Since everyone loves the Tyne Bar, everyone has visited and given it a rating of 5 out of 5

INSERT INTO Ratings VALUES
    ((SELECT $node_id FROM People WHERE FirstName = 'Alice'),
     (SELECT $node_id FROM Locations WHERE [Name] = 'Tyne Bar'),
     5),
    ((SELECT $node_id FROM People WHERE FirstName = 'Bob'),
     (SELECT $node_id FROM Locations WHERE [Name] = 'Tyne Bar'),
     5),
    ((SELECT $node_id FROM People WHERE FirstName = 'Charlene'),
     (SELECT $node_id FROM Locations WHERE [Name] = 'Tyne Bar'),
     5)

Most people are sensible, so they don’t particularly like Gotham Town though. Well, apart from Bob who, let’s face it, is a bit of an animal.

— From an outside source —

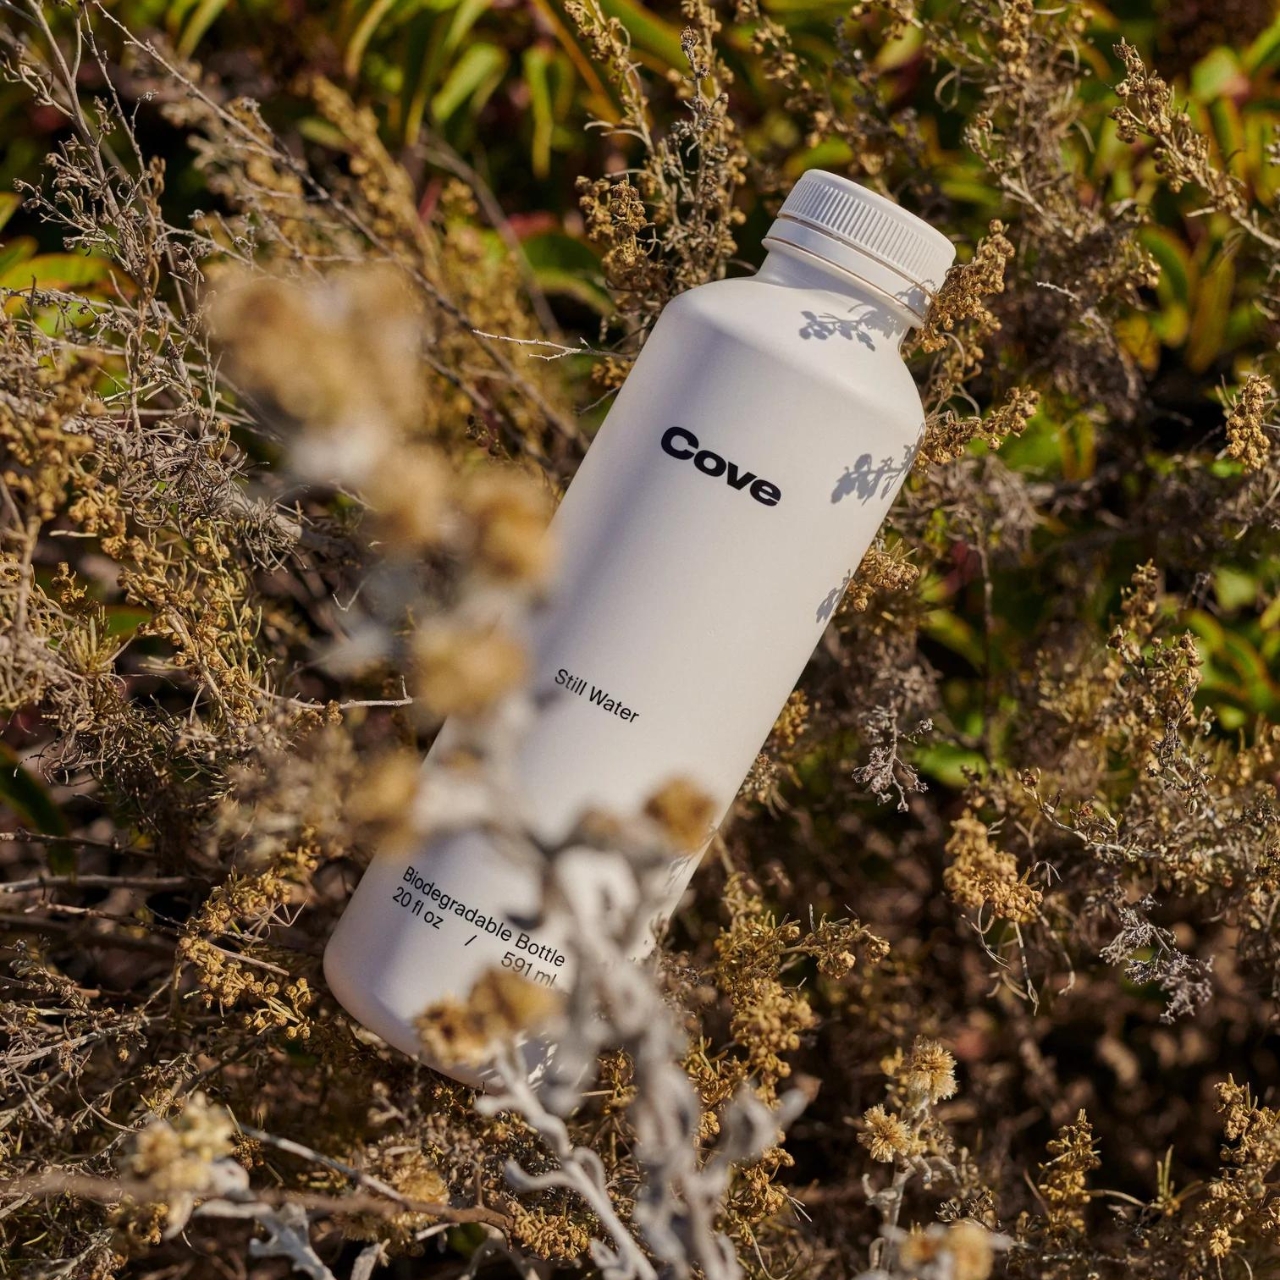 World’s first biodegradable water bottles made with PHA degrade 200 times faster than plastic
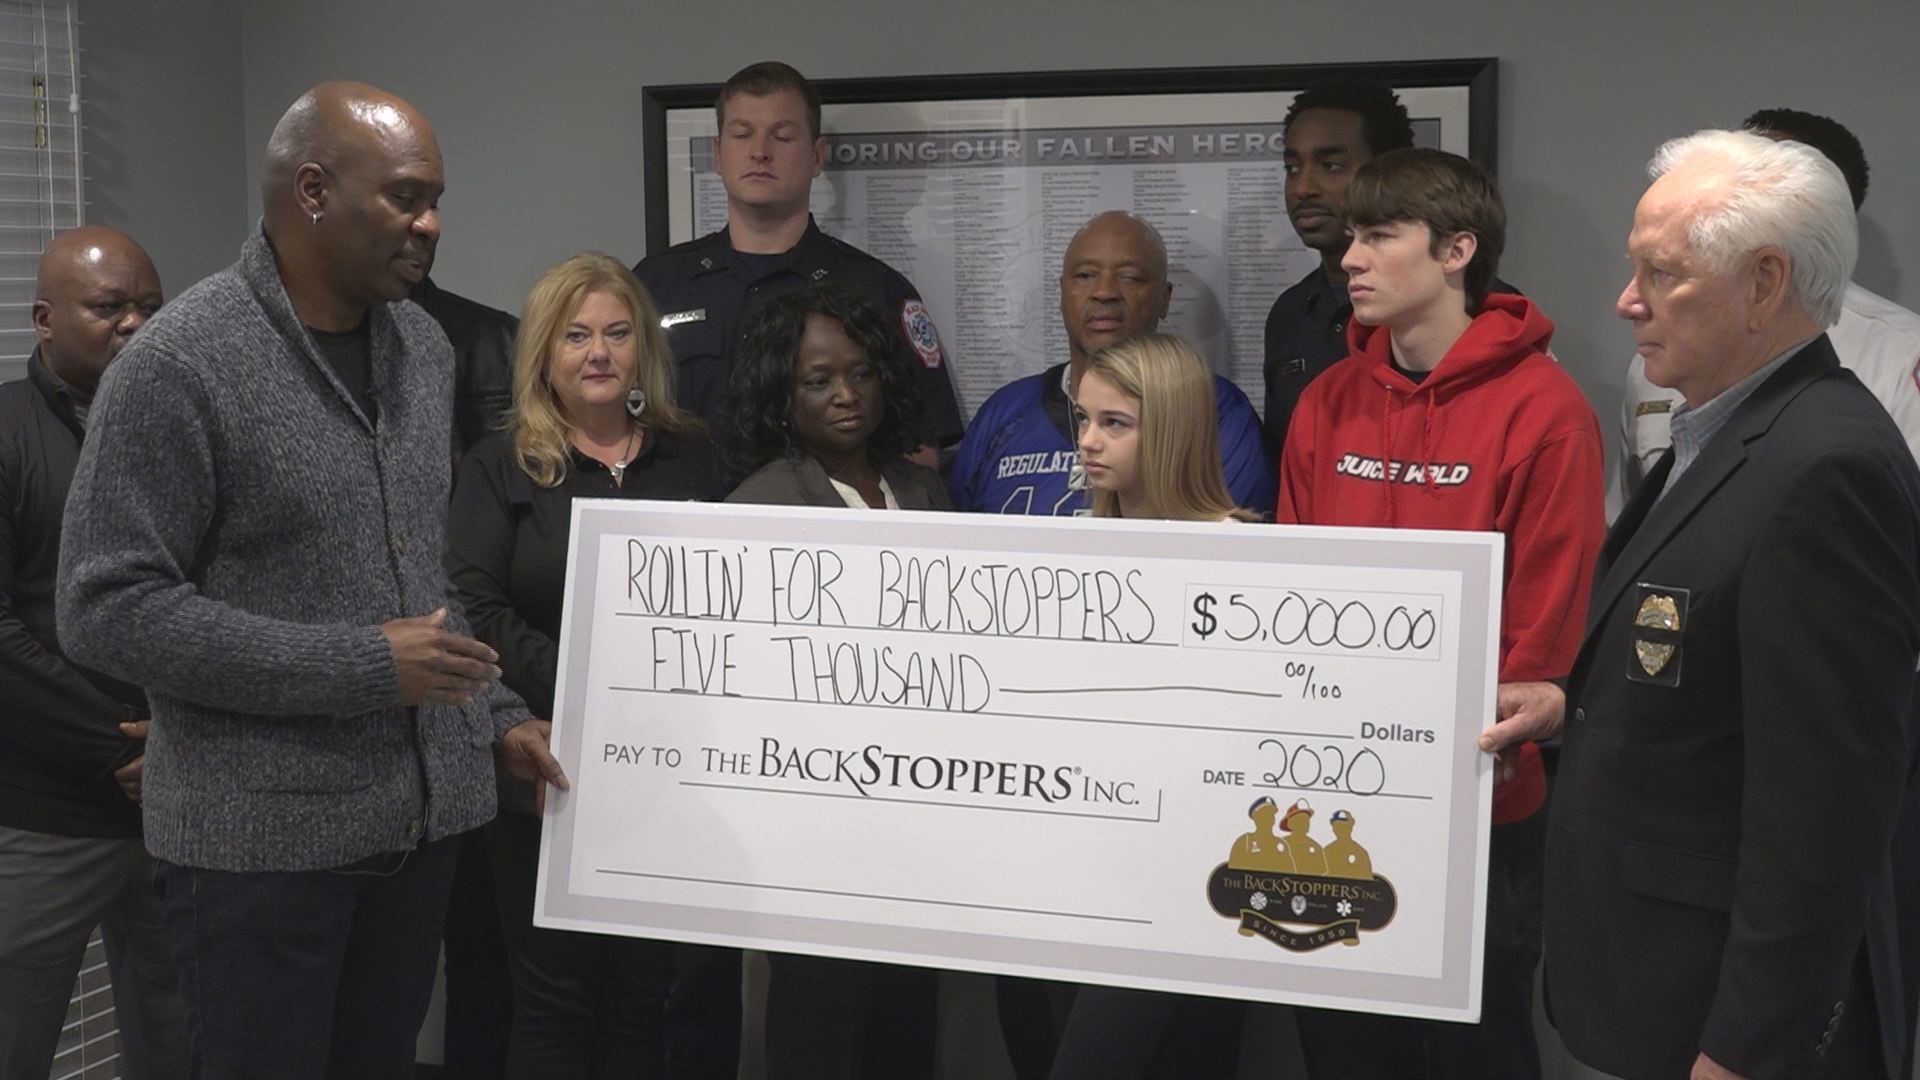 The sub-organization has raised more than 65,000 for Backstoppers in the last 10 years.

INSERT INTO Ratings VALUES
    ((SELECT $node_id FROM People WHERE FirstName = 'Alice'),
     (SELECT $node_id FROM Locations WHERE [Name] = 'Gotham Town'),
     1),
    ((SELECT $node_id FROM People WHERE FirstName = 'Bob'),
     (SELECT $node_id FROM Locations WHERE [Name] = 'Gotham Town'),
     4),
    ((SELECT $node_id FROM People WHERE FirstName = 'Charlene'),
     (SELECT $node_id FROM Locations WHERE [Name] = 'Gotham Town'),
     1)

Oh, and Charlene is a big drinker who also love Tilleys.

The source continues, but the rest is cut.